Scaling numerical features improves distance-based calculations (for KNN, SVM classifiers) and prevents feature dominance.

## 5.6. Save the processed data

In [None]:
train.to_csv('data/train_clean.csv', index=False)
test.to_csv('data/test_clean.csv', index=False)

# 6. Choose an Evaluation Metrics
For regression problems, common metrics include:
- Mean Absolute Error (MAE)
- Mean Squared Error (MSE)
- Root Mean Squared Error (RMSE)
- R-squared

For classification problems, common metrics include:
- Accuracy
- Precision
- Recall
- F1-score
- AUC

The confusion matric and ROC Curve can also bring useful insights. 

# 7. Select Algorithms
- Start with simple regression algorithms like Linear Regression and gradually explore more complex models like Random Forest, Gradient Boosting, or XGBoost.
- Consider simple ensemble methods, such as simple average, weighted average, or voting ensembles, to combine multiple models for potentially better results.
- The model chosen depends on the data. A more complex model does not always constitute a better model.

# 8. Model Validation
- Split the data into training and validation sets. A common split is 70-30 or 80-20 for training and validation, respectively. This method is computationally less intensive and often used for initial model exploration or when dealing with very large datasets.
- K-Fold Cross Validation. This method provides a more reliable evaluation, especially with smaller datasets.
- Model validation is important to assess the model's generalization performance (i.e. assess how well the model performs on unseen data). This helps prevent overfitting and gives you a more reliable estimate of your model's performance.

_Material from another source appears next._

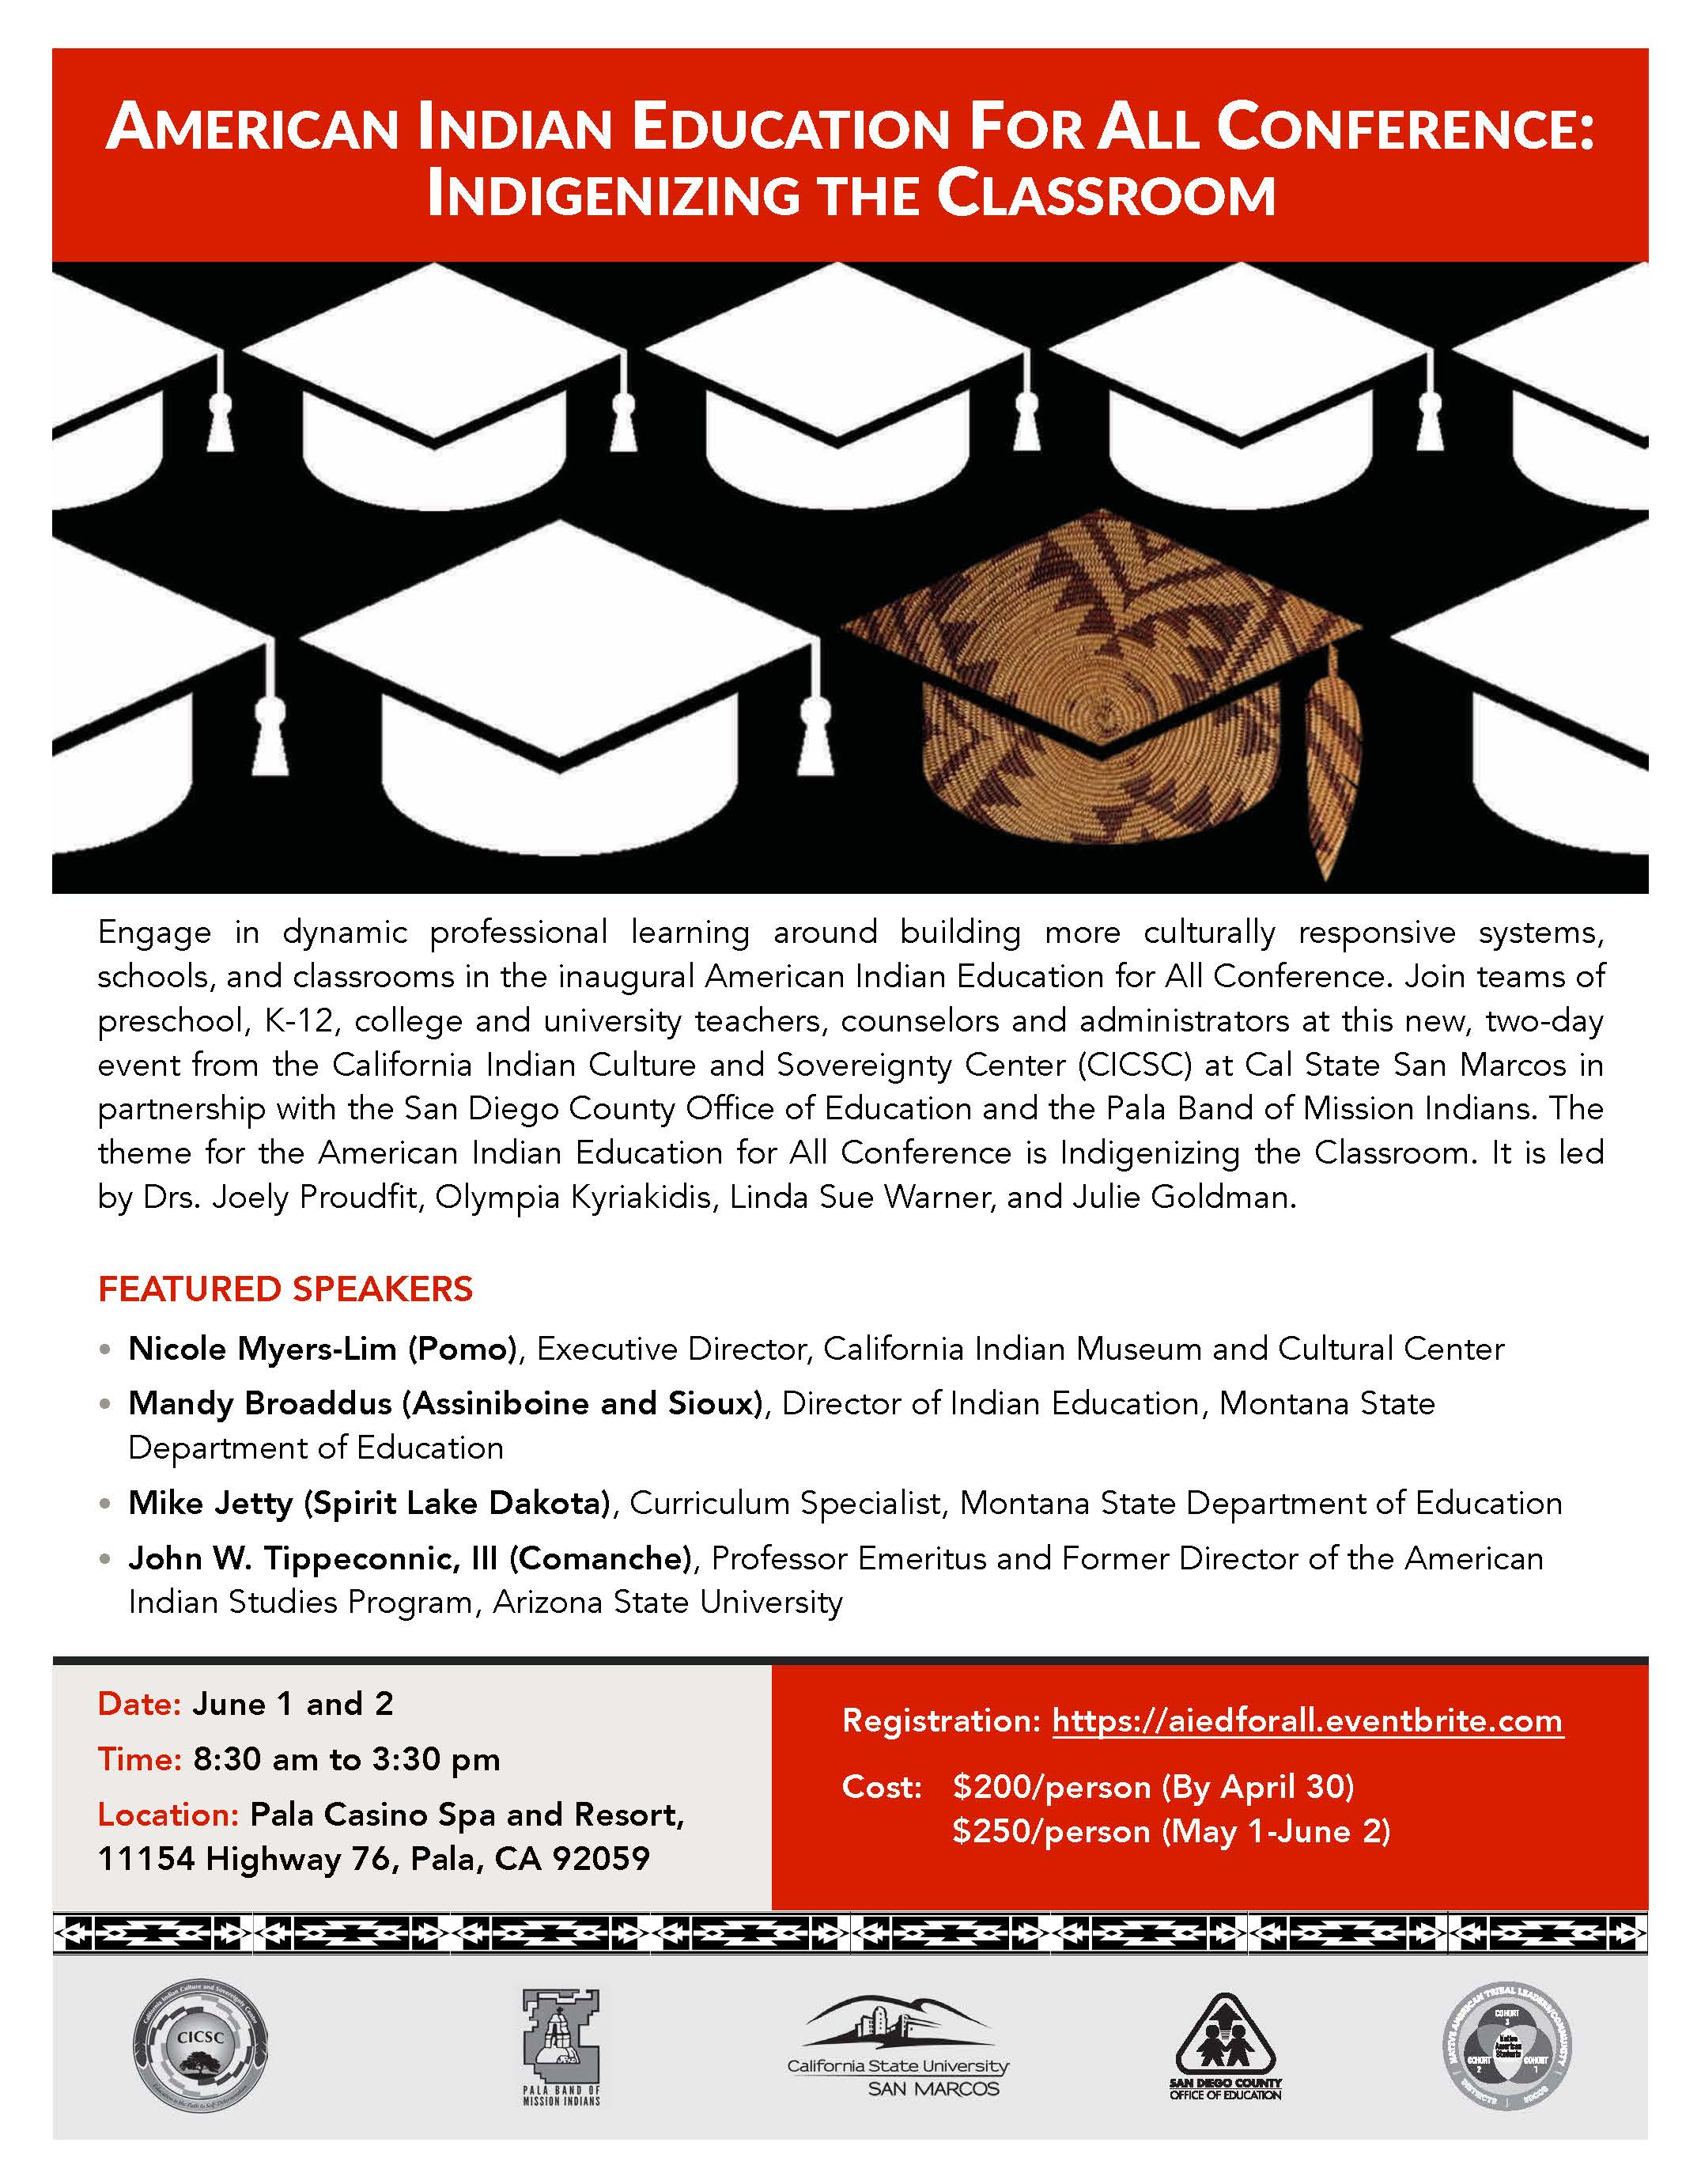 American Indian Education For All Conference Flyer

## 8.1. Hyperparameter Tuning
- Tune the hyperparameters of your chosen algorithms on the validation dataset using techniques like grid search or random search to find the best combination.
- Optuna is an efficient and effective way to search for optimal hyperparameters.

## 8.2. Regularization
- Implement regularization techniques like L1 (Lasso) or L2 (Ridge) regularization to prevent overfitting.
- Many ML algorithms include regularization parameters, including L1 and L2, sometimes called reg_alpha or reg_lambda. Read up on your chosen algorithms regularization parameters and tune them accordingly on your validation set.

# 9. Fit the final model

Fit the best model on the whole training set (including the validation set) using the optimal hyperparameters found during model validation.

# 10. Predict

Generate predictions on the test set (unseen data).

# 11. Model Persistence
Save the model weights for future use.